WHAT IS NEEDED — Retype the listing exactly as it stands, and keep every image out.

DATA SHOWN —
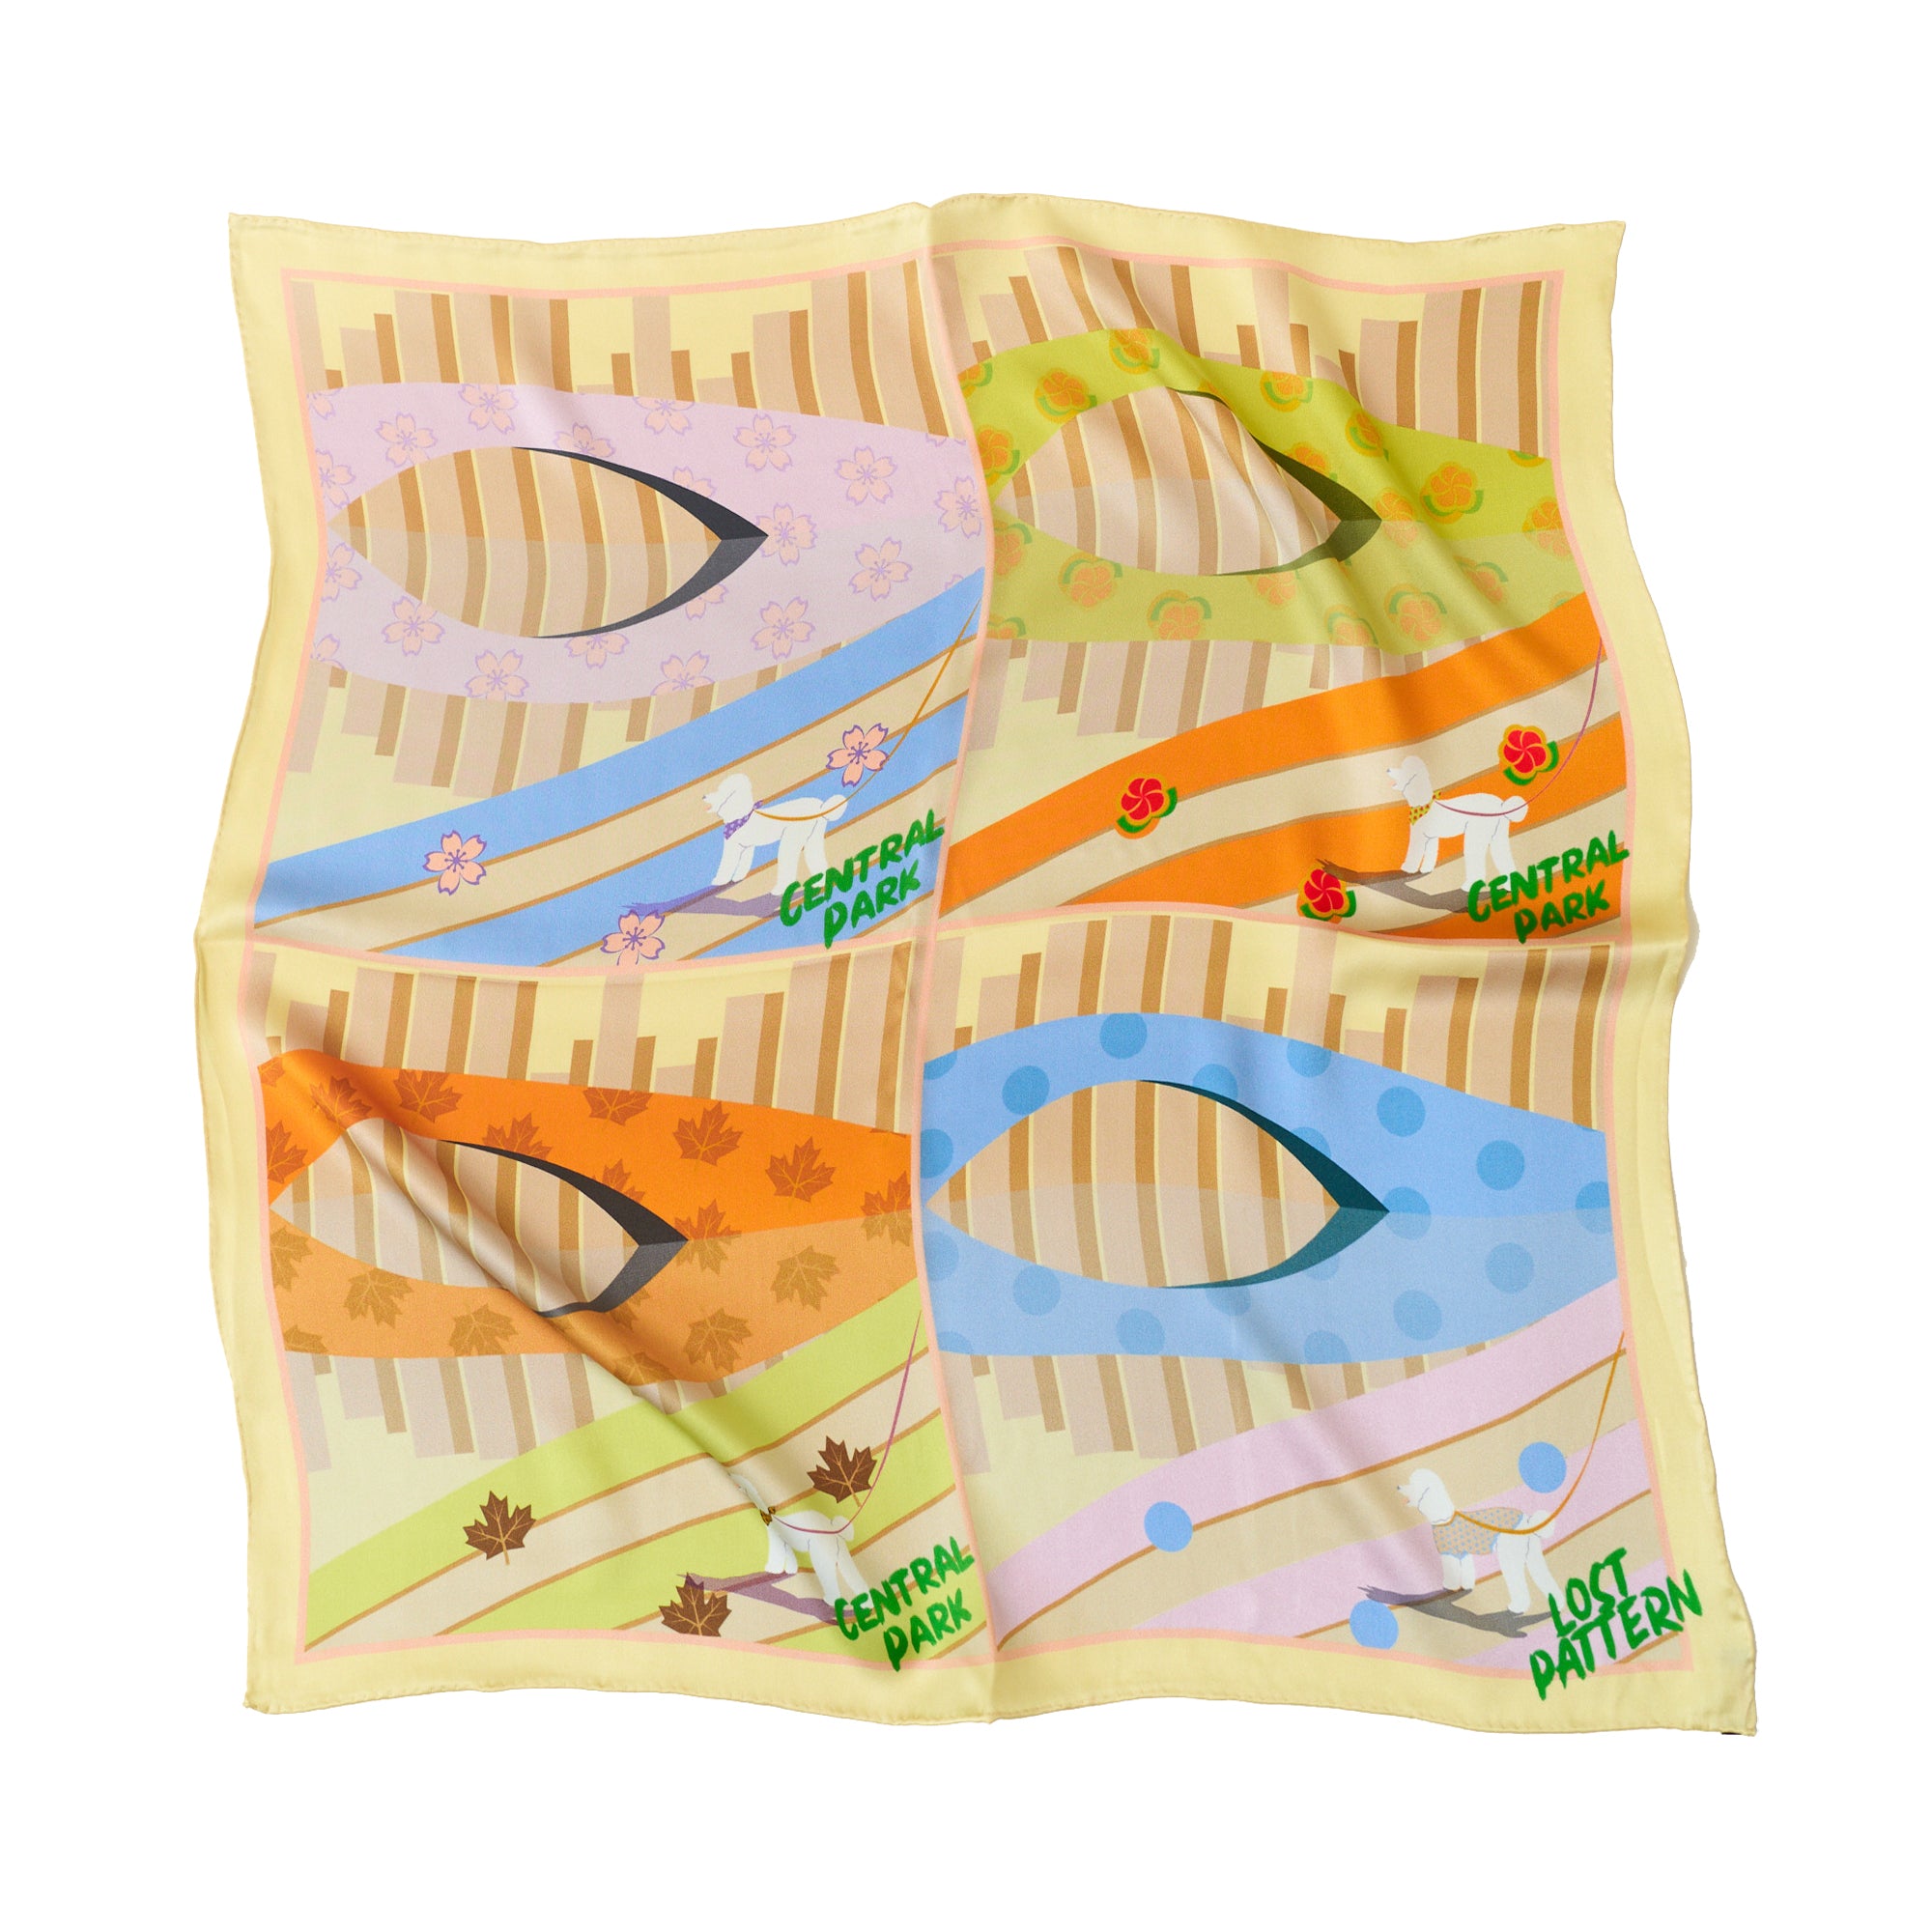 "Seasons in the Park" Silk Scarf - Yellow - Yellow - LOST PATTERN Silk Square Scarf
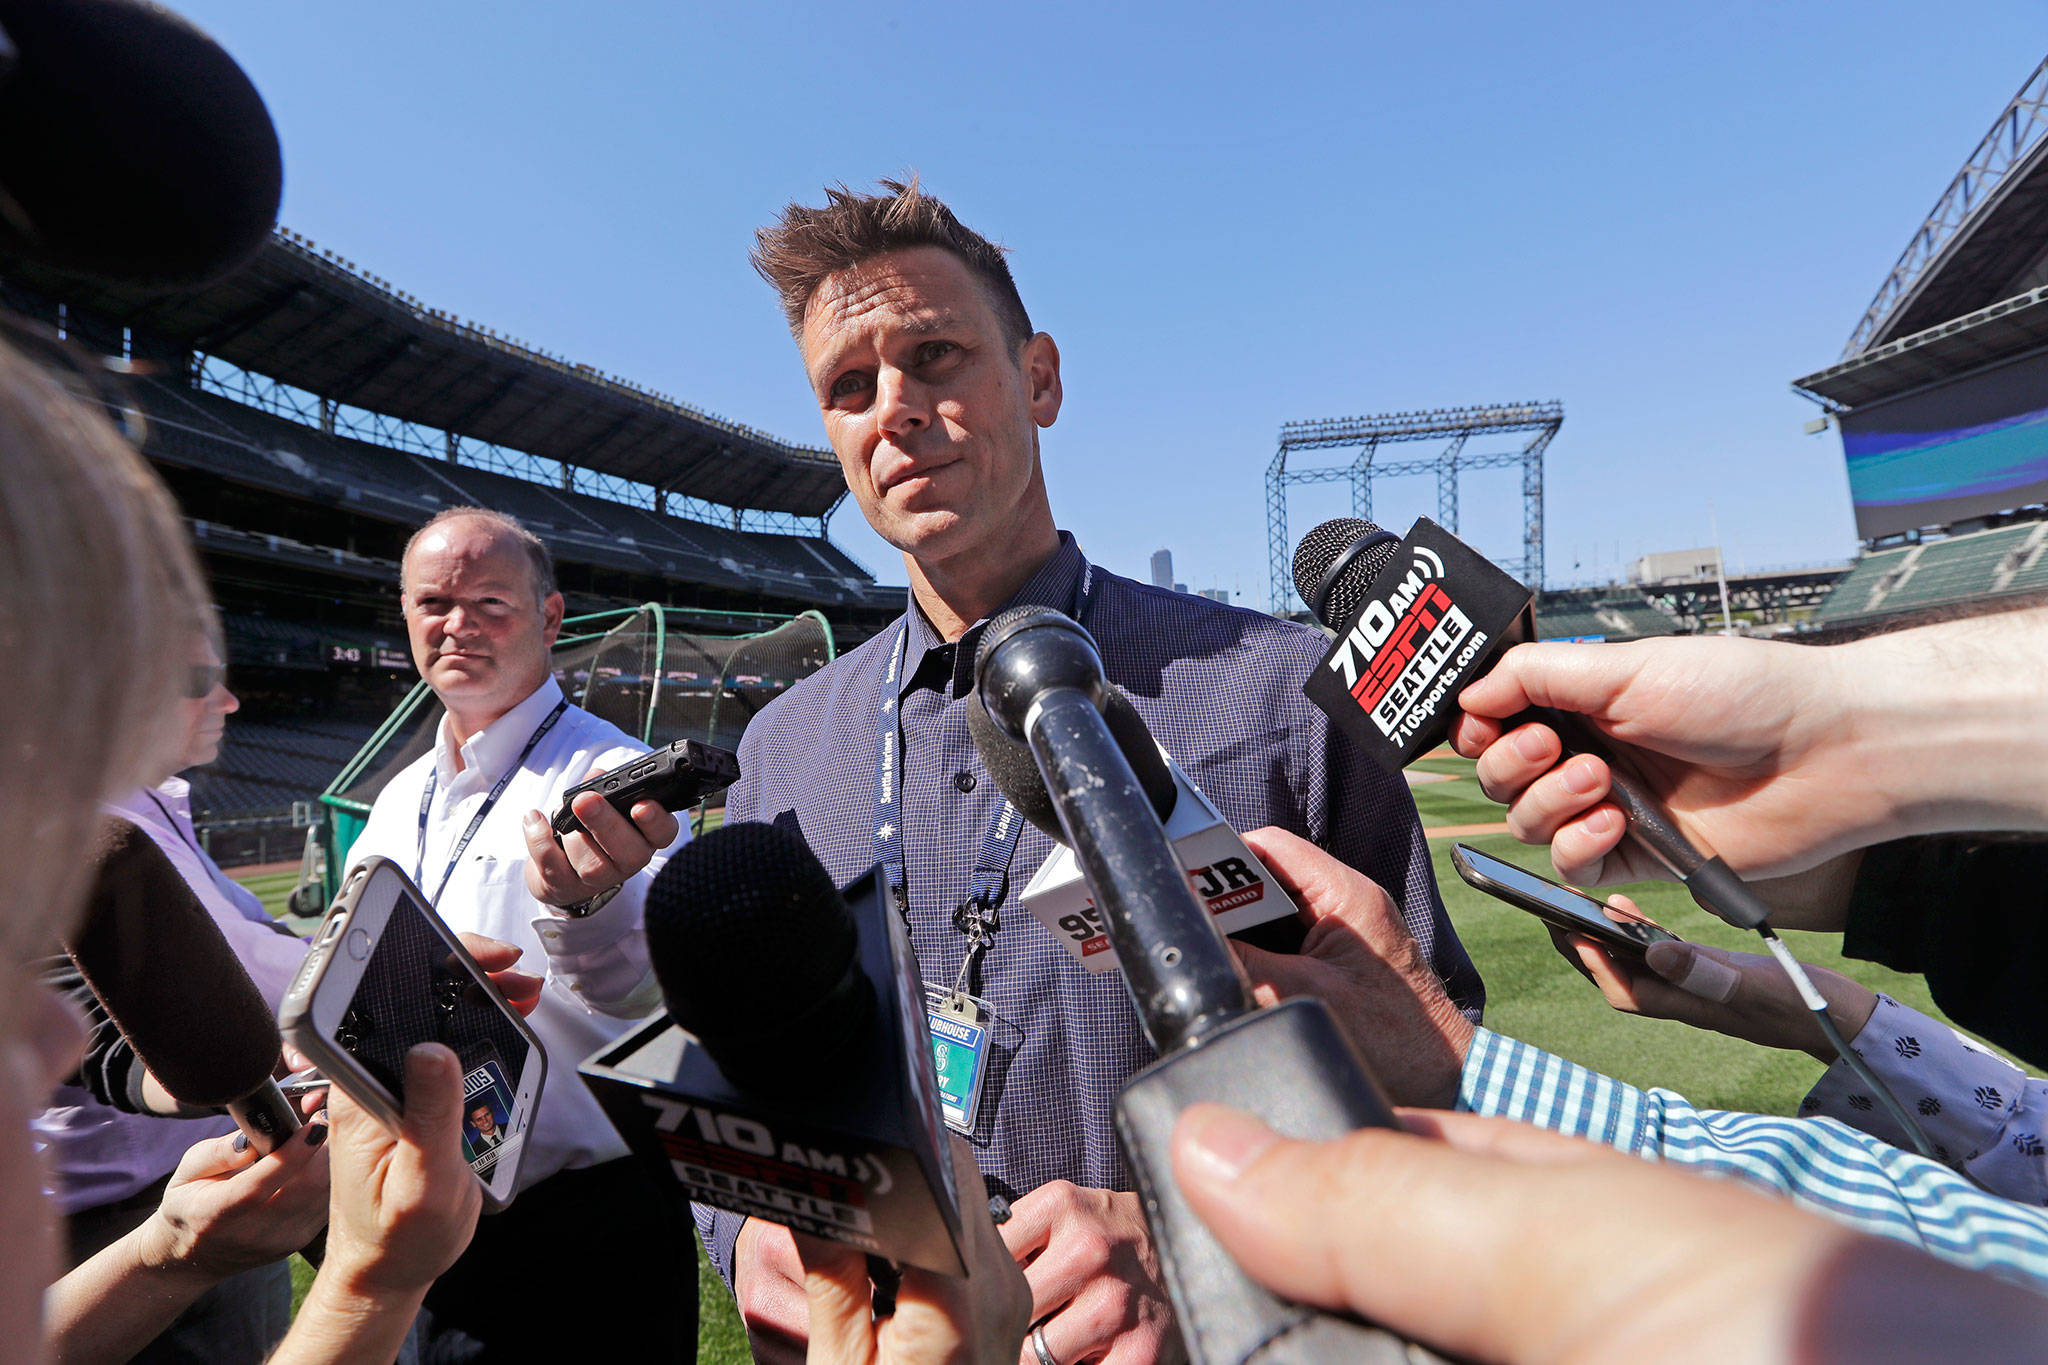 General manager Jerry Dipoto says players “should be insulted” by comments made by now former Mariners CEO Kevin Mather. (AP Photo/Elaine Thompson)
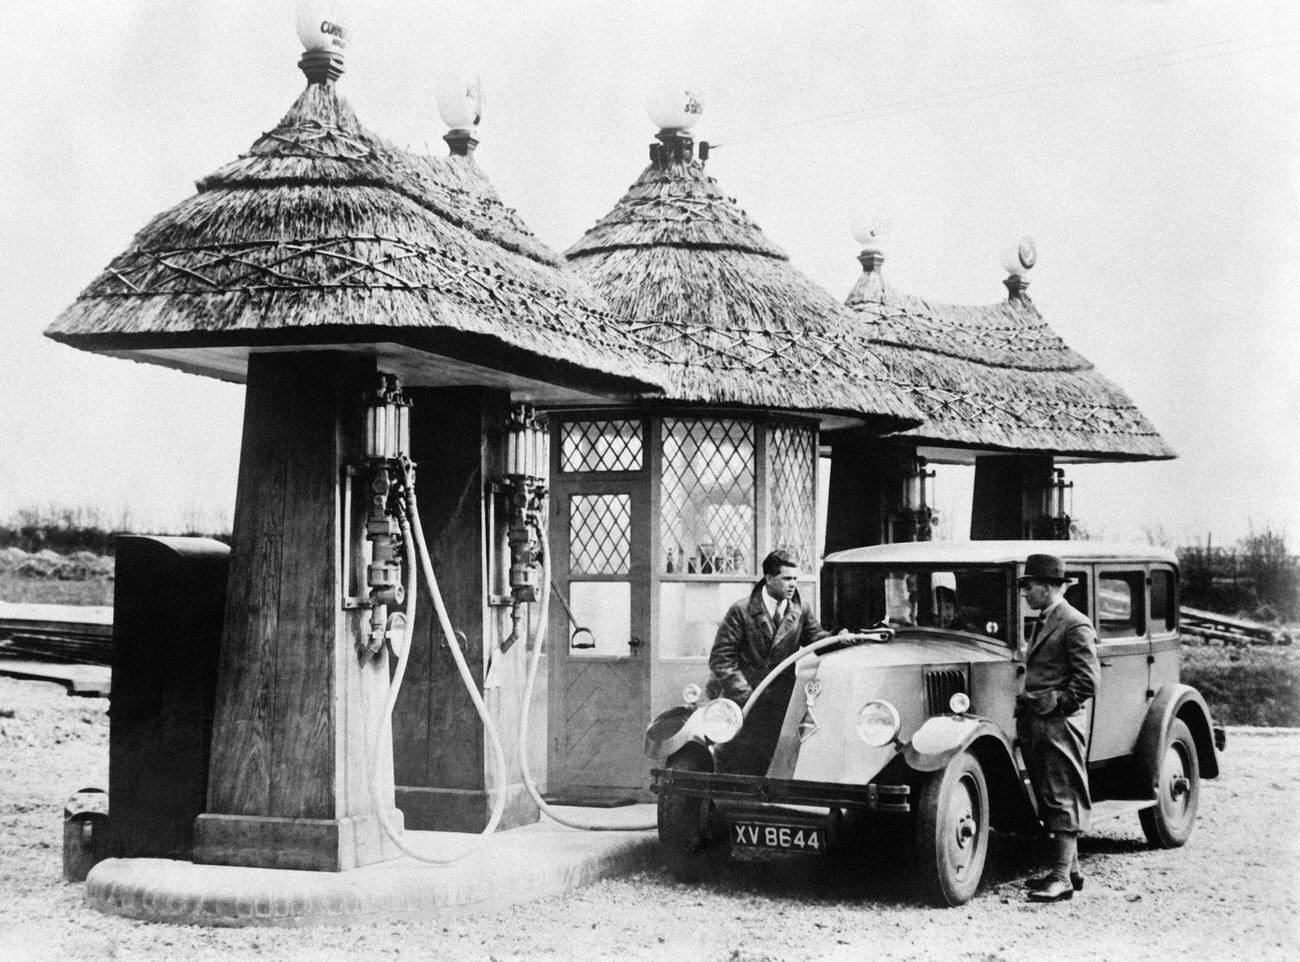 New thatched-roof gas station in England, United Kingdom, 1930.
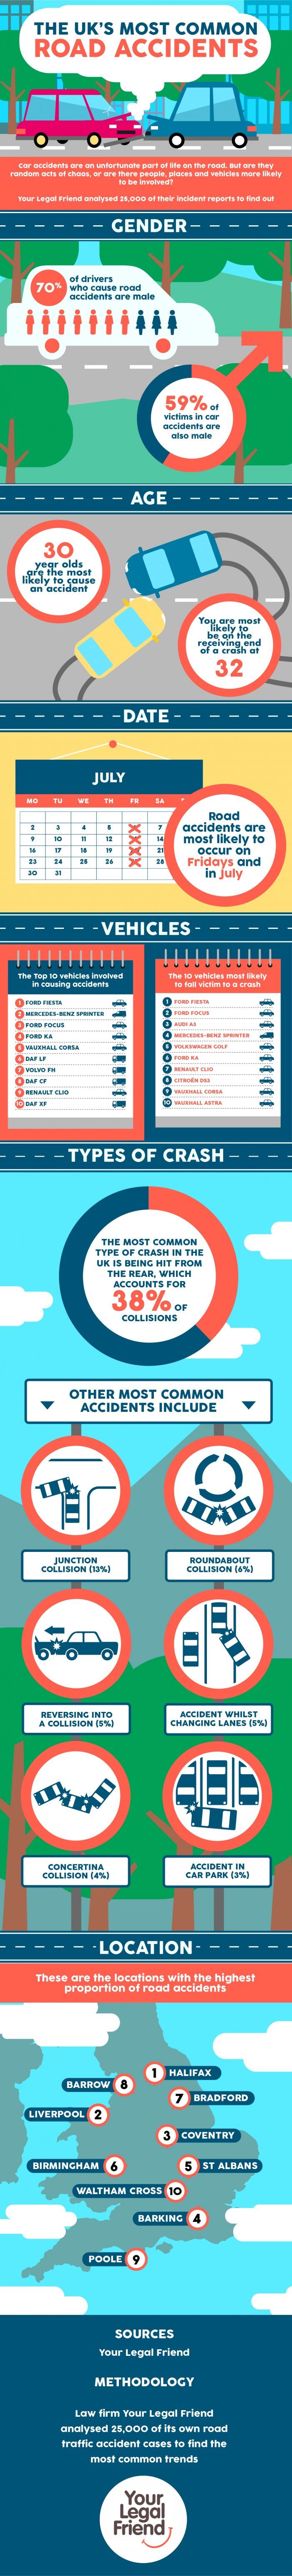 Most Common Road Accidents & What to Do After a Crash

TASK SOLUTION —
 "Seasons in the Park" Silk Scarf - Yellow - Yellow - LOST PATTERN Silk Square Scarf
 General manager Jerry Dipoto says players “should be insulted” by comments made by now former Mariners CEO Kevin Mather. (AP Photo/Elaine Thompson)
 New thatched-roof gas station in England, United Kingdom, 1930.
 Most Common Road Accidents & What to Do After a Crash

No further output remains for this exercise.